Person’s age in years

marital_status

Indicates whether the person is married

address_state

Numeric code refers to ‘states’ table

income

Annual income in USD

income_category

Categorized income

car_price

Price of car in USD

car_price_category

Categorized car price

education

Numeric code refers to education_codes table

years_employed

Years of continuous employment for person

retired

Indicates person is retired

employment_category

Categorizes type of most recent employment for person per employment_categories table

gender

‘m’ or ‘f’ for male or female

length_at_current_residence

Years person has lived at current residence

wireless

Indicates person owns a wireless phone

multiple_lines

Indicates person has multiple voice phone lines

voice_mail

Indicates person has voice mail

pager

Indicates person has a pager

internet

Indicates person has a dedicated residential internet connection rather than cellular or dial-up

caller_id

Indicates person has caller id service on voice line

call_waiting

Indicates person has call waiting service on voice line

own_tv

Indicates person owns a television set

own_dvd_player

Indicates person owns a DVD player

own_smartphone

Indicates person owns a smartphone

own_computer

Indicates person owns a personal computer

own_fax

Indicates person has a fax send/receive device on a phone line

read_newspapers

Indicates person reads physical newspapers

Description tables augmenting this table are:

Table name

Usage

states

Translates numeric state codes to actual states

employment_categories

Translates numeric employment categories to descriptions

education_codes

Translates numeric education codes to descriptions

With each question, write ONE query that answers the question. Put the text of the query in your submission document, along with a screen shot of the results from running the query.

1. Create a view named additional_person_info

· This view should give the names of states, employment categories, and education levels along with all the other fields in the person_economic_info table for use in later reports.  

· Hint: you don’t need to specify each field individually for the person_economic_info table, think about how to select all the columns from the table.  Once you have your query constructed, turn it into a view. 

Text of query:

Screenshot of result:

2. Using a single aggregate query to select from the additional_person_info view which shows states where there is no one who owns a personal computer.

· Hints: think about aggregates such as count and sum, think about what to group by, consider the differences between where clause and having clause. 

Text of query:

Screenshot of result:

3. With one query, show each state’s aggregates by education level and one of the attributes below (your choice).  Use a CUBE to show subtotals by education level for each state, each state will be grouped together at the end.

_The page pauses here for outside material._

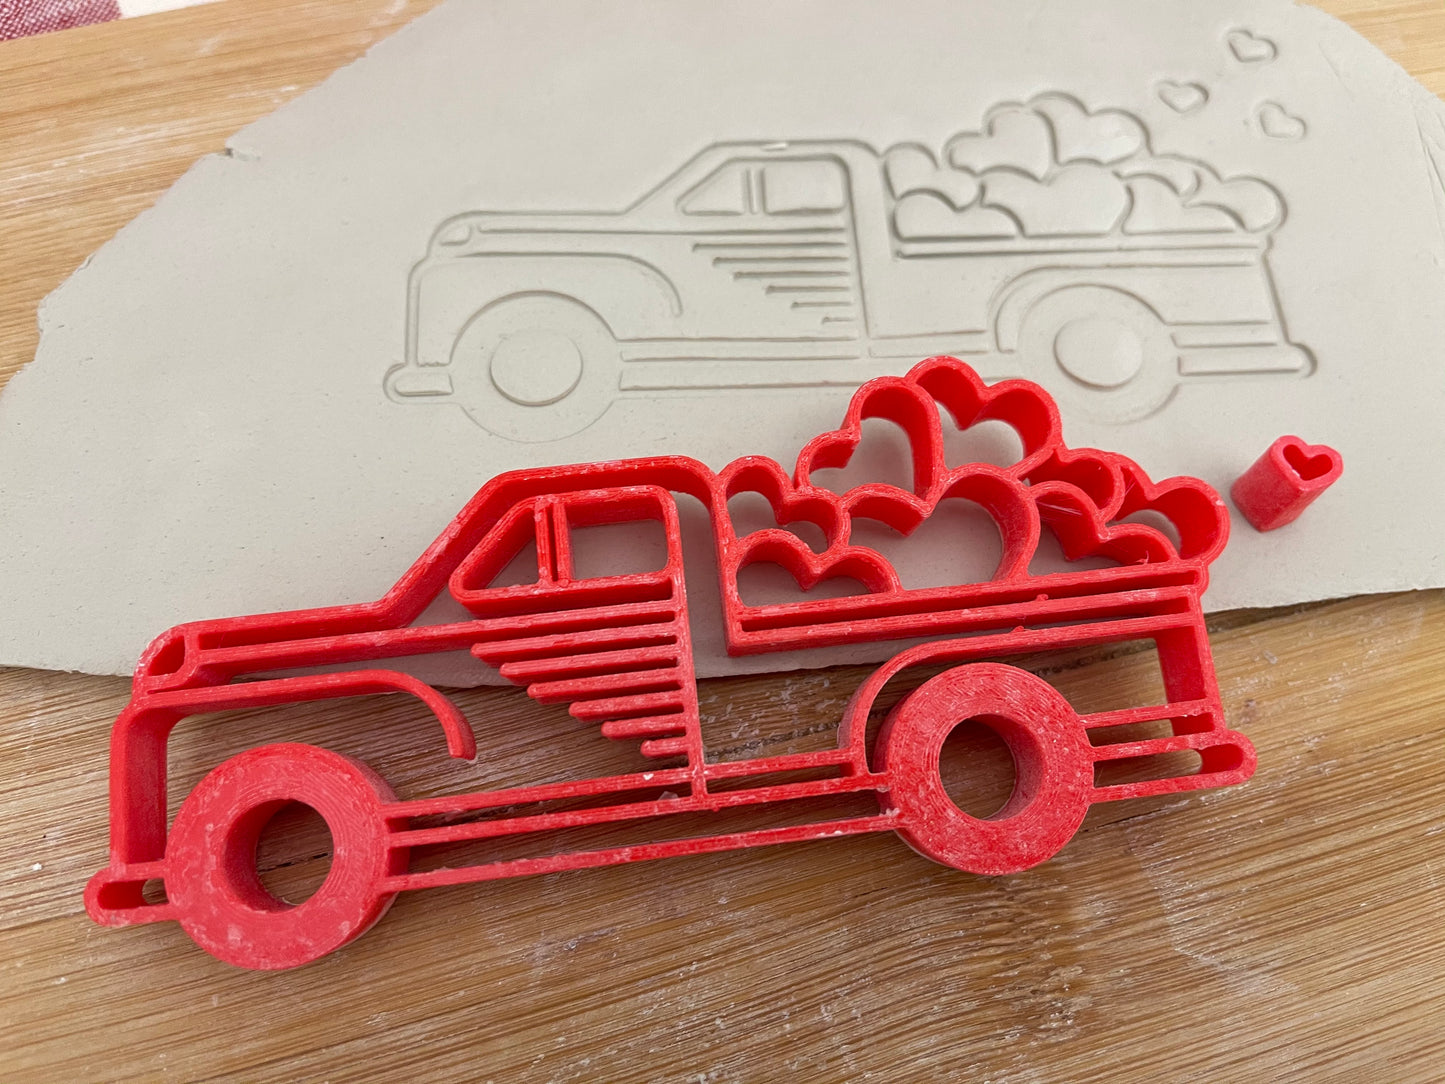 Pottery Stamp, Vintage Truck with hearts design - multiple sizes

Select one of the following attributes to aggregate on

· People responding

· Number of people who own computer

· Average income 

Hints:

· Result should have five columns and multiple rows for each state, for example Alabama will have 6 rows, one for each education level and a subtotal for that state.

· Write the aggregate first, then add the CUBE

Text of query:

Screenshot of result:

4. Modify the query above to show each state’s rank based on one of the aggregated columns below. Result will list each state once, the aggregated column, and its rank – 3 columns total.  Order the result by the ranking of your choice.  There is no need to CUBE the results.

· People responding

· Number of people who own computer

· Average income

Text of query:

Screenshot of result:

5. We want to look at statistics of states where there is at least one person using a computer.  Using a single query select from the additional_person_info view: For each state, give the following summary information (result should have seven columns and one row for each state).  

a. State name

b. Number of people reported

c. Number of people who use the internet – Hint:  review distinct values here, there will be a bit of transformation that you will need to do, look at case statements

d. Number of people who own a personal computer

e. Highest income (format as currency)

f. Average income (format as currency)

g. This is the challenging part: Of the people who own a personal computer, calculate the percentage of people who have a dedicated internet connection rather than dial-up (internet column).   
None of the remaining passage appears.